TensorFlow is a highly popular deep learning framework that is greatly accelerated when running on GPUs, which is frequently used in conjunction with Jupyter notebooks.

In this simple example, an instance of TensorFlow with Jupyter is deployed to CoreWeave Cloud and exposed to the public Internet using Kubernetes.

Prerequisites

This tutorial presumes that you have...

important

Please note that this tutorial is for demonstration purposes only, and should not be used in production due to the lack of HTTPS encryption on the Jupyter service.

Tutorial source code

To follow along with this tutorial, first clone the manifests from GitHub.

Manifests

The tensorflow-jupyter directory contains three YAML files, each of which are manifests used to deploy a different piece of this example.

FilenameDescription
tensorflow-deployment.yamlDefines the Deployment, which dictates how the TensorFlow with Jupyter Pods will be created
tensorflow-service.yamlDefines the Service, which handles networking and public publishing
jupyter-pvc.yamlDefines the PersistentVolumeClaim used for Jupyter notebook storage

The Deployment manifest

In this example, a Kubernetes Deployment manifest is used to deploy a single instance of TensorFlow with Jupyter notebooks.

note

Pods defined in the same Deployment manifest may be scheduled either on the same node, or on multiple nodes — where Pods are scheduled ultimately depends on node resource availability.

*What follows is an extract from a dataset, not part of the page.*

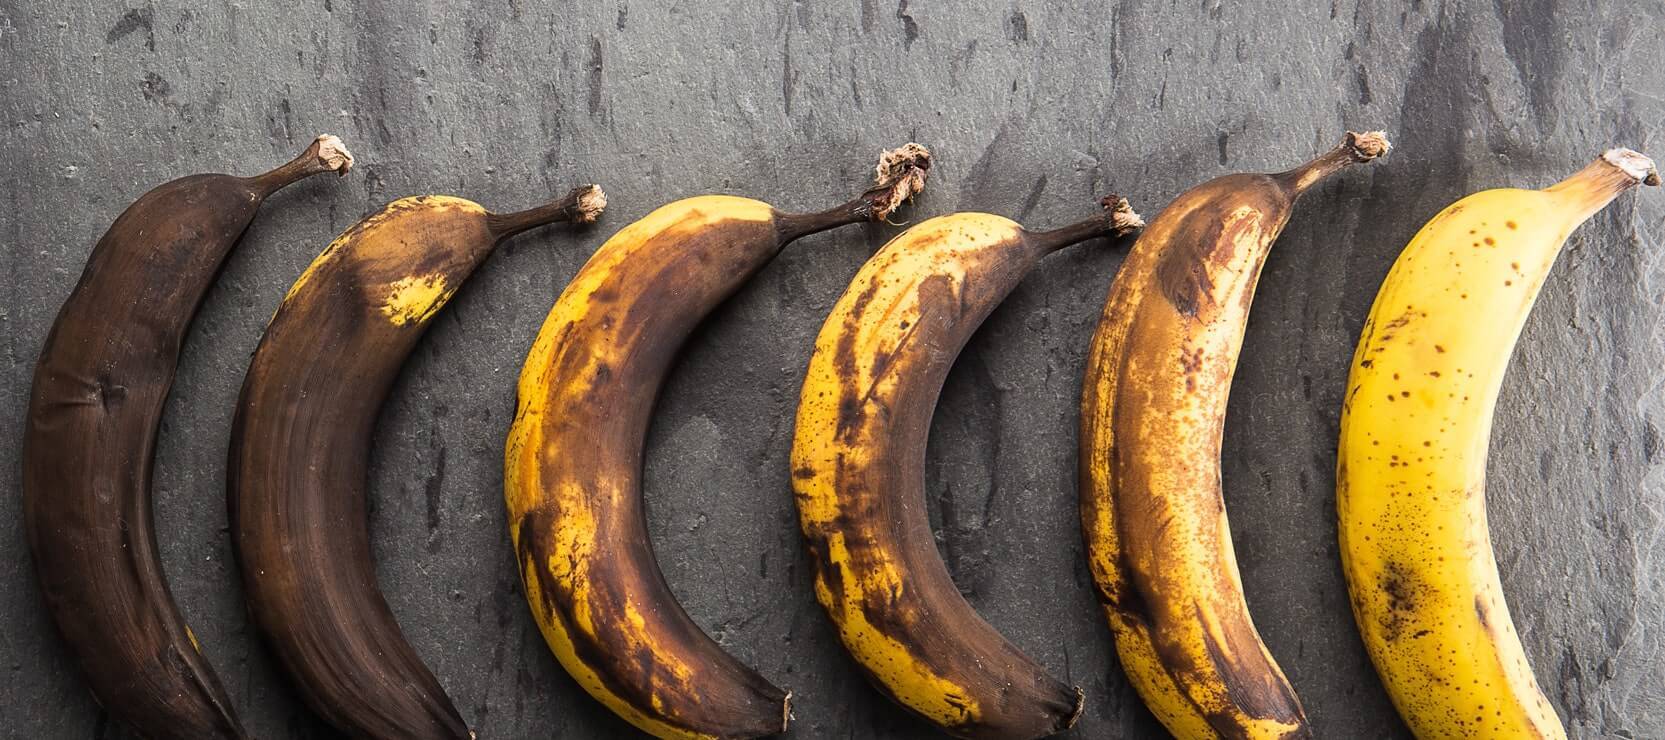 What makes bananas radioactive 1

If co-location of Pods is required for some reason, e.g. shared ephemeral or block storage, this can be controlled with affinity rules.

This example Deployment manifest does not showcase all possible node affinity rules; those shown are included purely for demonstration purposes. The entire affinity stanza may be removed from this example Deployment without breaking the example.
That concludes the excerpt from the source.